Gee, you mean all the people in charge, both leading up to and on the day of the shooting? Why yes.

The lawsuit names Broward County, Broward County Sheriff Scott Israel, Broward County Public Schools Superintendent Robert Runcie, Broward County sheriff’s deputy and school resource officer Scot Peterson, Capt. Jan Jordan with the Broward Couty Sheriff’s Department and school security monitor Andrew Medina among the defendants. It alleges various civil rights violations under the Fourth and Fourteenth Amendments that caused “severe psychological injury and trauma” related to the Feb. 14 mass shooting that left 17 students and faculty members dead.

As has been chronicled here and throughout the media since the Stoneman Douglas shooting, the handling of the clearly troubled, sometimes violent shooter by the school, the district, the Broward County Sheriff’s Department and even the FBI was a bureaucratic sh!tshow of historic proportions. One that resulted in seventeen dead bodies.

But somehow the NRA was allegedly to blame. The fact that the plaintiffs’ attorneys failed to name the NRA in the suit must have been an oversight.

According to the suit, Runcie and Israel were “both well aware of the potential danger [suspect Nikolas Cruz] posed to the school and its students and faculty, yet they did nothing meaningful to enhance security from this known threat.”
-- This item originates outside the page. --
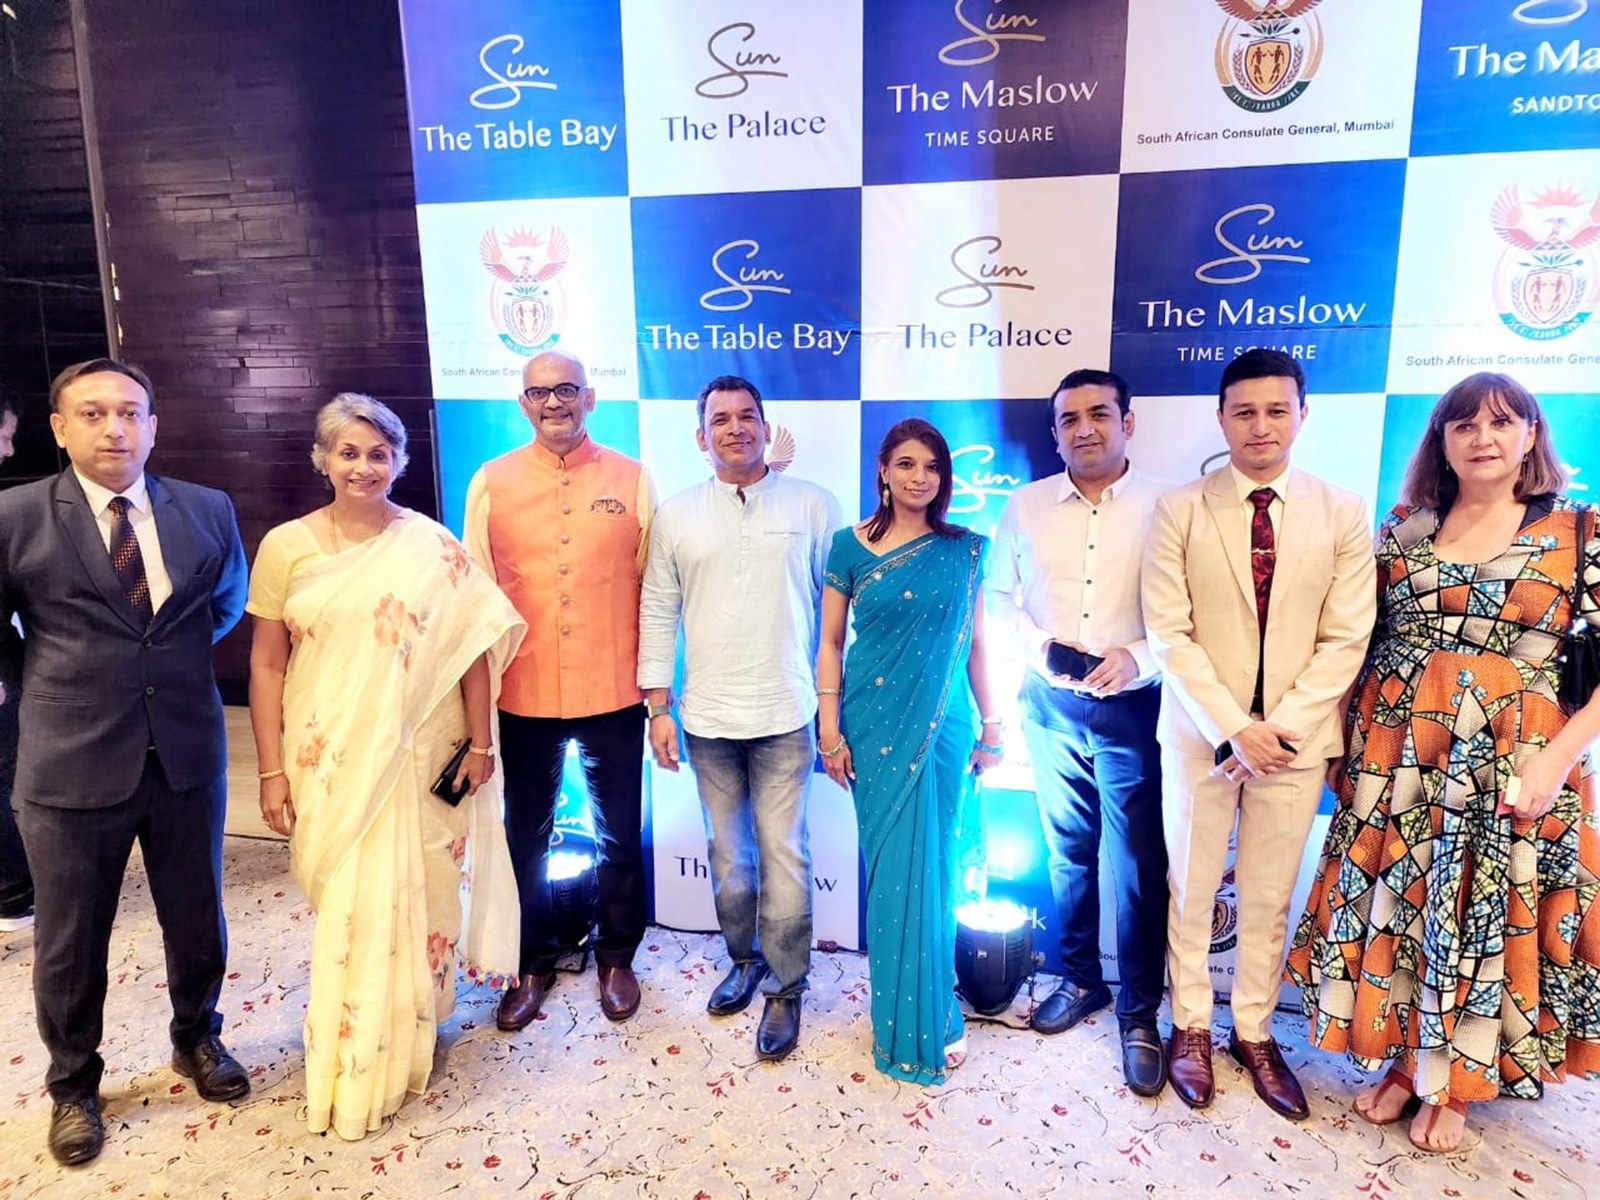 ‘Trade Appreciation Evening’ organised by Sun International in association with the South African Consulate General Mumbai, India and Airline partner Air Seychelles in Mumbai on June 24th, 2022

Plaintiffs claim that Peterson, Jordan and Medina’s actions and inactions during the course of their response to the shooting directly led to the death, injury and traumatizing of children, and they blame the county for a lack of training and preventative policies that could have stopped the shooting.

And this suit was filed by “more than a dozen” survivors. Stoneman Douglas High School has over 3,000 students. Look for a lot more of this in the not-too-distant future.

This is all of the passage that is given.